The key metric of this study that demonstrates Aidoc’s triaging performance was the turn-around-time (TAT). A decrease in TAT would indicate a timelier diagnosis and subsequent treatment, which can drastically improve patient outcomes. Interestingly, there was a statistically significant increase in the overall TAT for ICH-positive cases between the pre- and post-implementation groups. The TAT for the ED and OP ICH-positive cases was reduced, although it was not statistically significant. A major factor to consider is that the institution has a dedicated reporting room in ED allowing emergency physicians to inform the reporting radiologists which patients to prioritise based on the initial presentation. Additionally, communication between radiographers and radiologists assists with the prioritisation of urgent cases. This operational efficiency is depicted in the short TAT pre-implementation, causing any improvements from the use of AI to be marginal. Additionally, using TAT as a surrogate for the time taken for a clinical decision to be made has several drawbacks. For example, the reporting radiologist can communicate significant findings with the ED physicians before the report has been finalised on RIS. Hence, further refinement of this metric is required.

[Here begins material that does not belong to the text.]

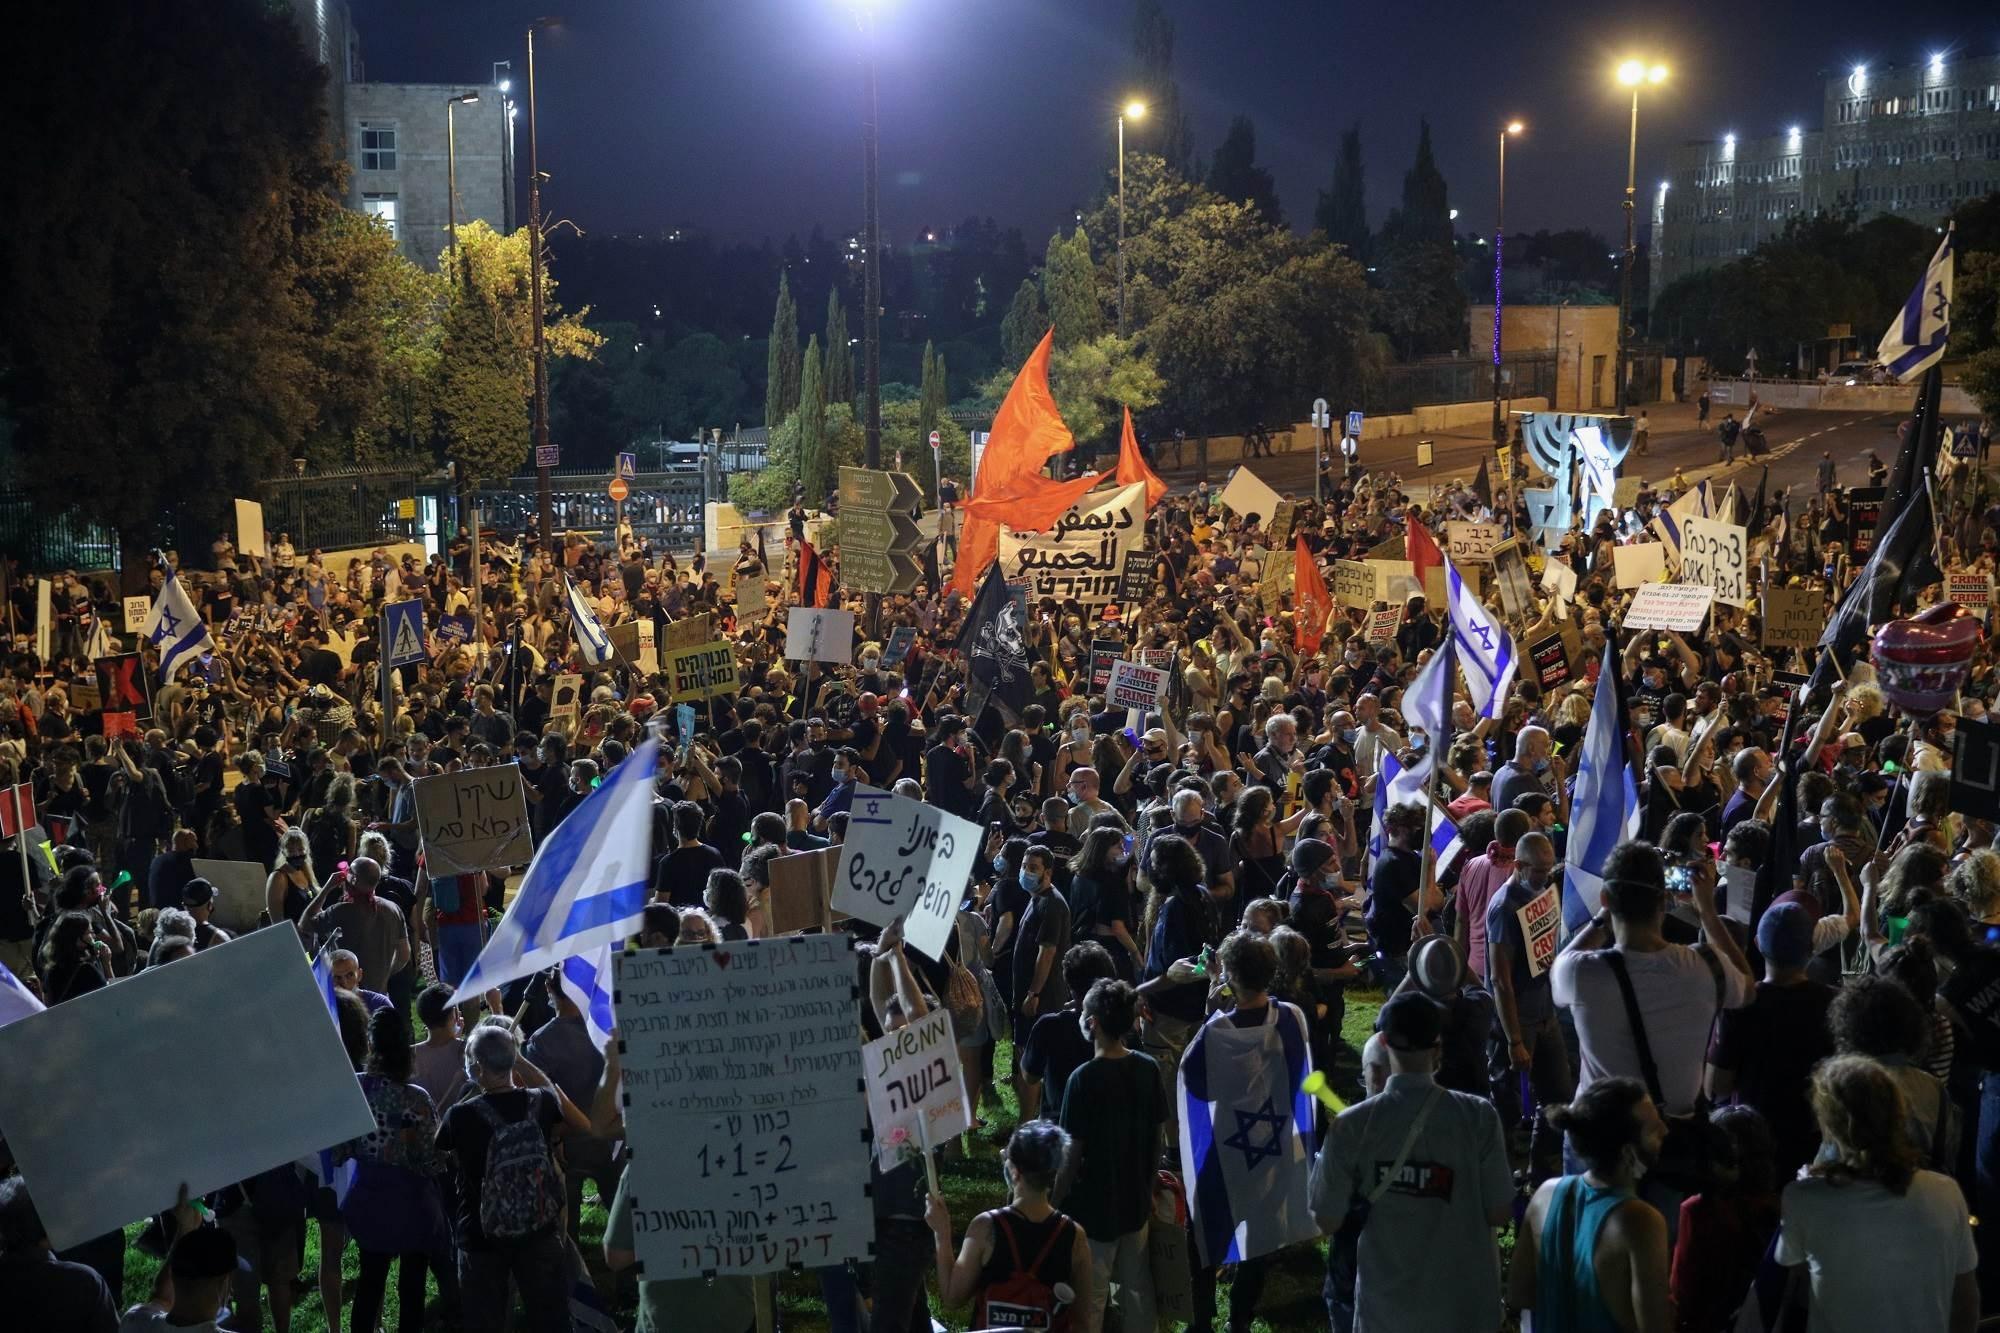 التظاهرات تنظم يومياً ضد حكومة نتنياهو

A limitation of this study was the departmental usage of Aidoc. From a convenience sample of 26 consultant radiologists, most only partially incorporated (25–75% of reporting time) Aidoc into their reporting workflow, and some did not use it at all. The collective opinion from the radiologists was that the ICH module represents a solution for a problem that the department does not currently have. They stated that the centre scans too many patients with ICH, many of which are repeat inpatient scans. Furthermore, as the software was implemented as a trial, there was limited integration allowed with the department’s PACS/RIS, which resulted in the Aidoc widget being installed on separate PCs in the reporting rooms, instead of each radiologist’s workstation. This added an element of inconvenience and resulted in the radiologists using Aidoc as a ‘second-read’ once they had reviewed the scan. Features such as worklist prioritisation and context matching were requested by the radiologists to improve their workflow but were not achievable with the institution’s PACS/RIS. These limitations led to a sub-optimal use of Aidoc throughout the department, which could be considered as one of the reasons why there was no significant impact on the TAT.

Currently, our institution’s imaging and reporting operations have a relatively short reporting time and low miss-rate. By performing a retrospective audit in addition to a standard validation, this study presents a framework to review the function and use of AI software, and also highlighting the challenges of tailoring AI diagnostic solutions to departmental needs. Further research into the changes in reporting time pre- and post-implementation is required to assess the triaging capabilities and impact of the AI solution. Any improvements, as a result of AI implementation, would provide further evidence to support the use of AI technology in radiology to increase radiologists’ efficiency and improve patient care.